Uhm, don’t think so?.. Grist fields already come mixed together with user-defined ones (except for “id”, that is). If you want to filter those out, you can use the “hidden=false” option in your request.
On the other side, the “id” field being the real primary key, you always want it in the mix, when possible. In my (and pygrister’s) opinion, a record

  • either includes an “id”, which means it’s already stored in the table,
  • or not, which means it’s about to be.

Parameter defaults / undocumented options isn’t ideal. … if you’re interesting in contributing your own findings too!

Problem is, I’m not fluent in typescript and I had quite a few difficulties navigating the source code looking for the api endpoints… I’ll give it another shot when I have more time…

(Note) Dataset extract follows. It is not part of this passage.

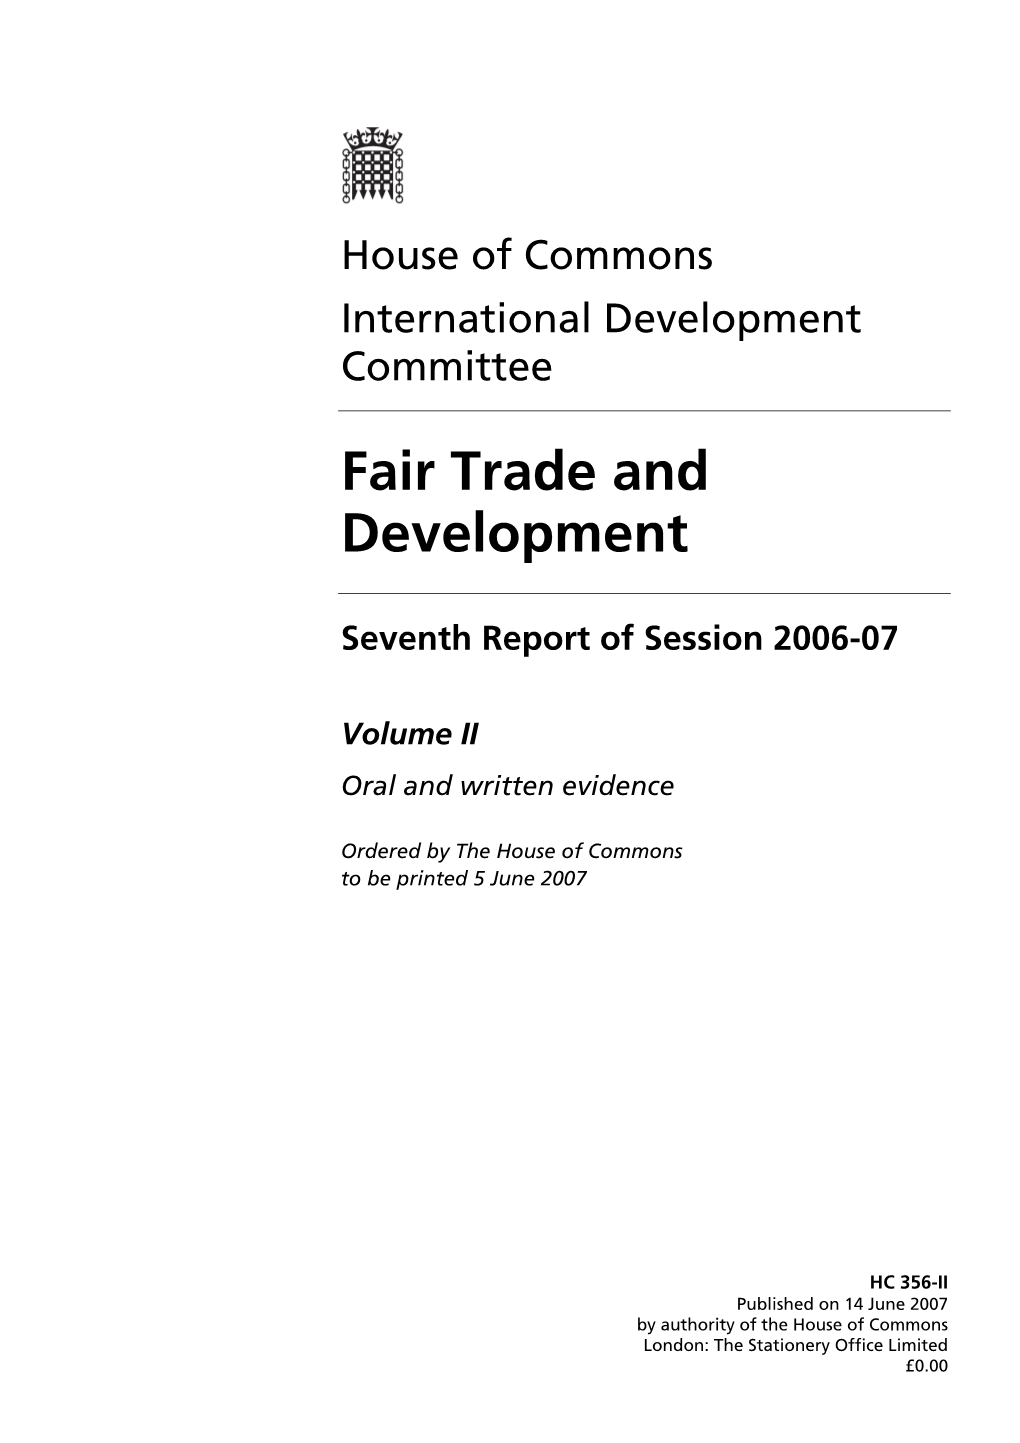 Fair Trade and Development

Finally, when it comes to the type system… yeah, reading through you’re write-up, I’ve no idea what to suggest there right now.

TBH, it’s not a big deal anyway. I mean, perhaps developer-wise, you should find a way to a more formal specification for your own sake… but from the point of view of a user, meh… When your backend is Sqlite, you sorta expect things being fuzzy, and it’s really a feature not a bug. However, the Grist gui does its job, and the apis deal in json anyway, so who cares.
The only problem I have as a user, is when I download the sqlite db to run queries against it. Then, it’s pretty annoying having to deal with the quirkiness, esp. the occasional value encoded as bytes, esp. because the marshalling algorithm is not documented. Ideally, it would be nice to have a stipulation like “everything that is not of the expected type for a column, is stored as text (and complex data is serialized as json)”. But I understand json is slow. At the very least, you should document your marshalling algorithm and update the doc page on types
In any case, when I was investingating Grist’s type system, I made a test table… the values here are either inserted in the gui, or passed through the apis. It’s far from being complete, but it helped me find a few quirks… if you download the sqlite db, you’ll find which values are actually stored as bytes, for example.